Artery Research

Volume 4, Issue 4, December 2010, Pages 167 - 167

P6.07 AORTIC STIFFNESS IS AN INDEPENDENT PREDICTOR OF NEW ONSET ATRIAL FIBRILLATION IN CHRONIC HEART FAILURE PATIENTS WITH REDUCED SYSTOLIC FUNCTION

Authors
S. Bonapace1, A. Rossi2, M.A. Cicoira2, G. Arcaro3, F. Valbusa3, E. Barbieri1, C. Vassanelli2
1Division of Cardiology, Sacro Cuore Hospital, Negrar-Verona, Italy
2Division of Cardiology, University of Verona, Verona, Italy
3Division of Medicine, sacro Cuore Hospital, Negrar-Verona, Italy
Available Online 2 December 2010.
DOI
10.1016/j.artres.2010.10.077How to use a DOI?
Open Access
This is an open access article distributed under the CC BY-NC license.

Background: Atrial fibrillation (AF) is the commonest supraventricular arrhythmia in chronic heart failure (CHF) with impaired left ventricular (LV) systolic function, The causes of its high incidence and prevalence in CHF are only partially understood.

Aim: To analyze the hemodynamic determinants of incident atrial fibrillation in CHF patients. Particulary, whether indexes of arterial stiffness might identify patients at risk for new onset AF.
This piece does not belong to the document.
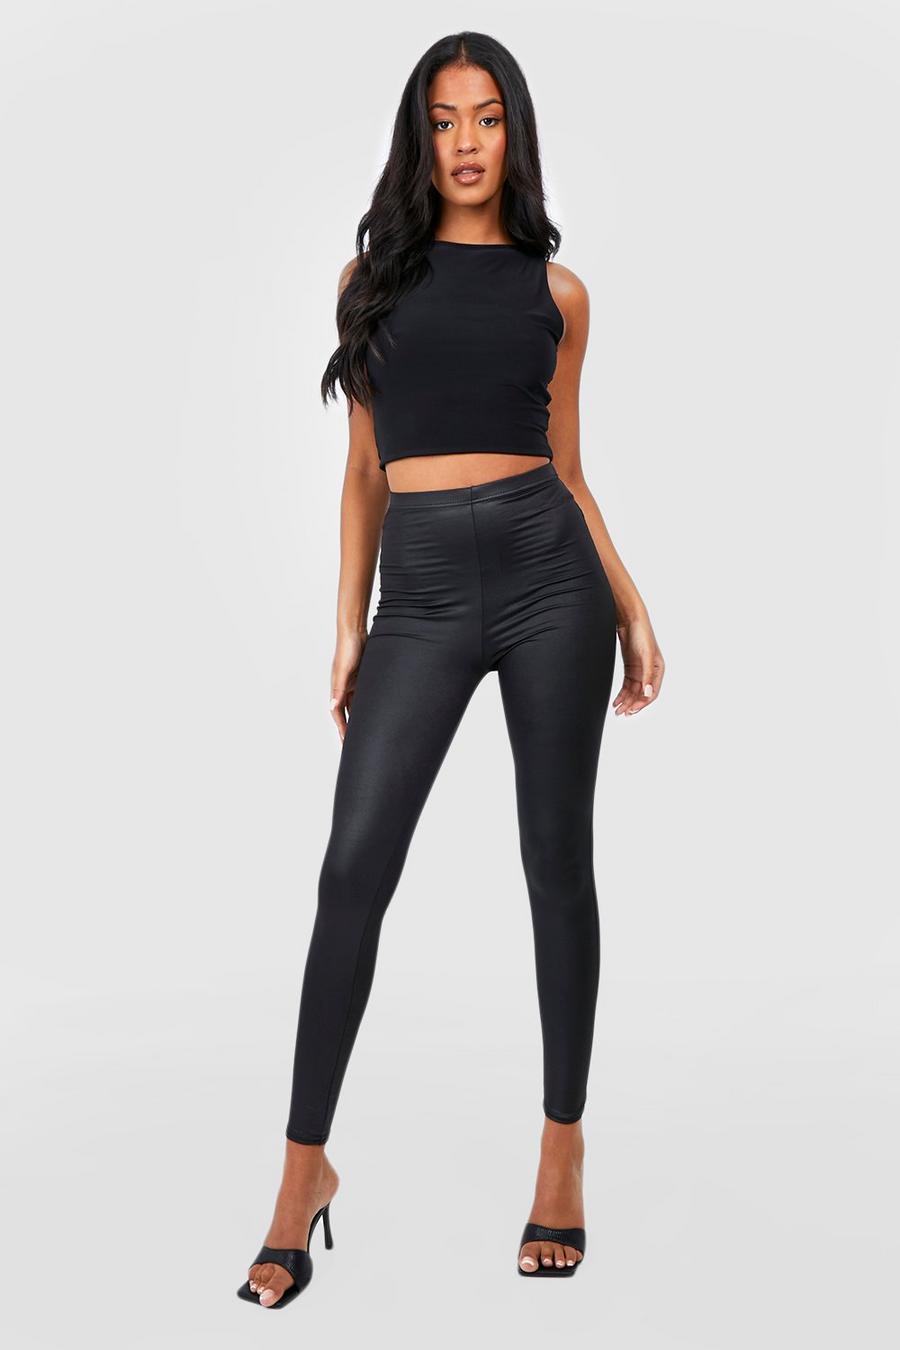 Black Tall Leather Look High Waisted Leggings image number 1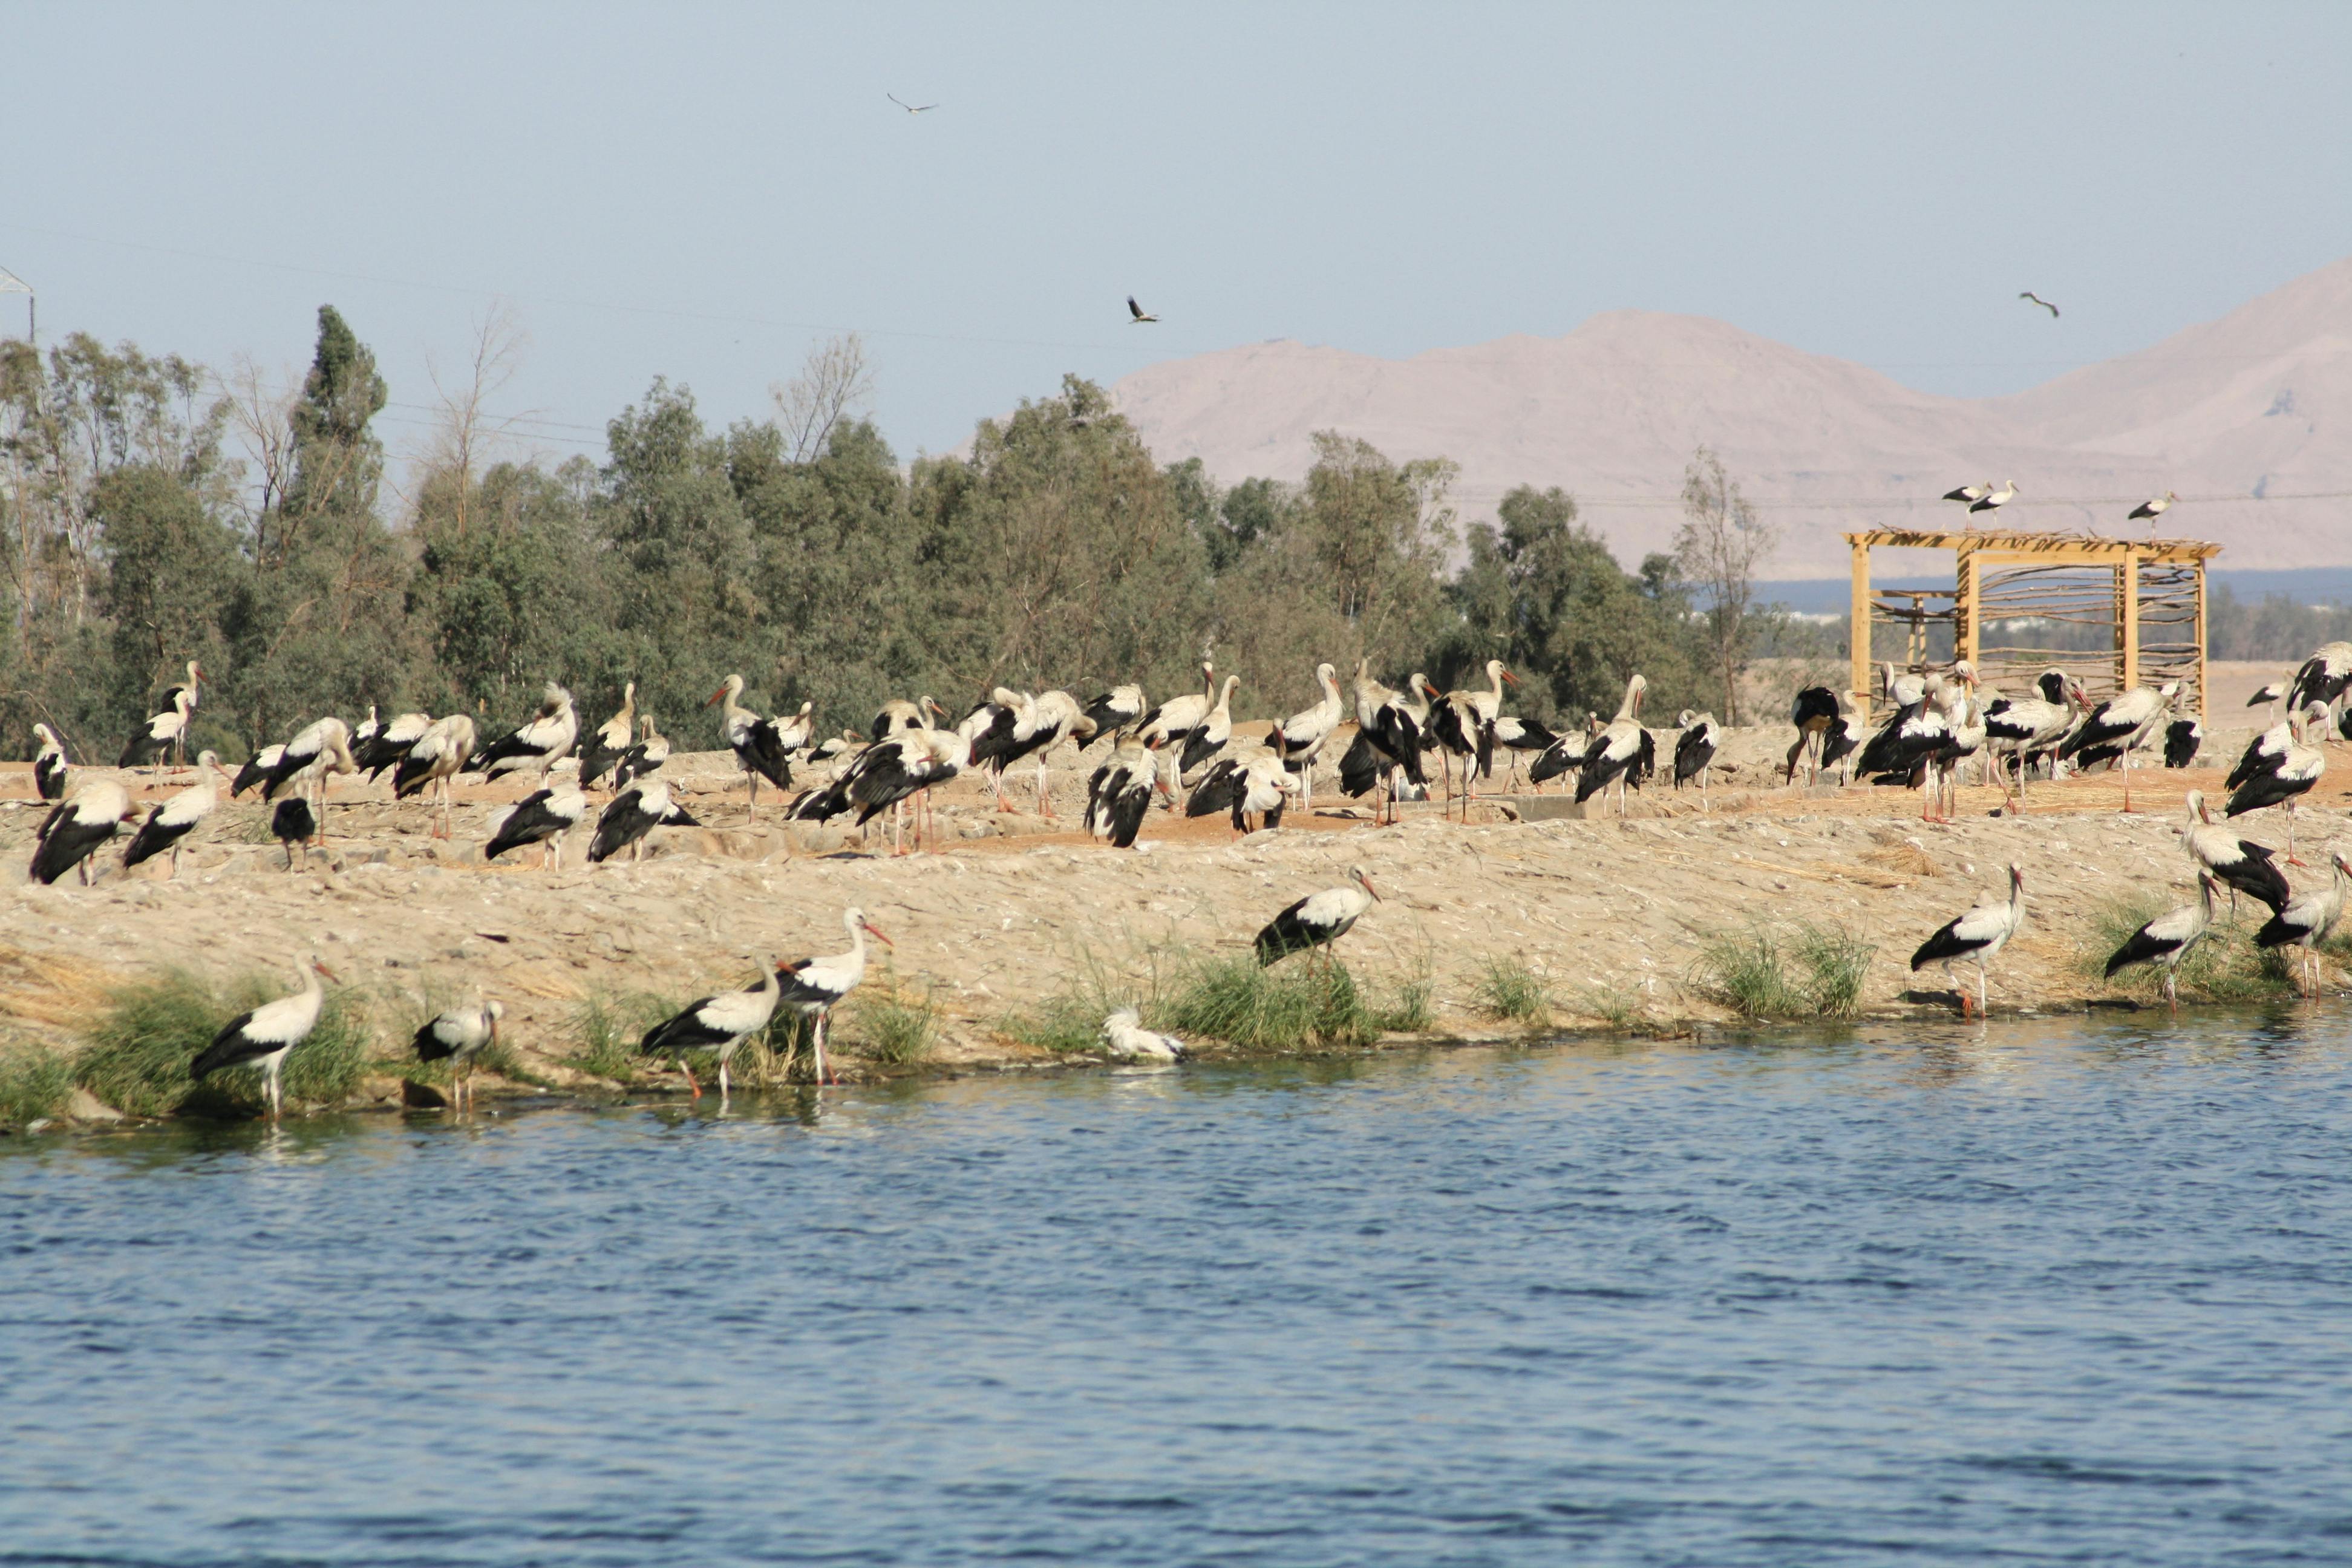 Bird watching with sand buggy experience in Sharm

Methods: 77 patients (mean age 62.8±9.3 years, ejection fraction 34.5±8.3%, male 80%) were enrolled. All patients underwent a complete echocardiographic-Doppler evaluation. Aortic-pulse wave velocity (PWV) was determined by Doppler flow recordings as previously reported. Effective arterial elastance (Ea) was estimated as end-systolic pressure/stroke volume (SV). Total arterial compliance (SAC) was calculated as SV/PP.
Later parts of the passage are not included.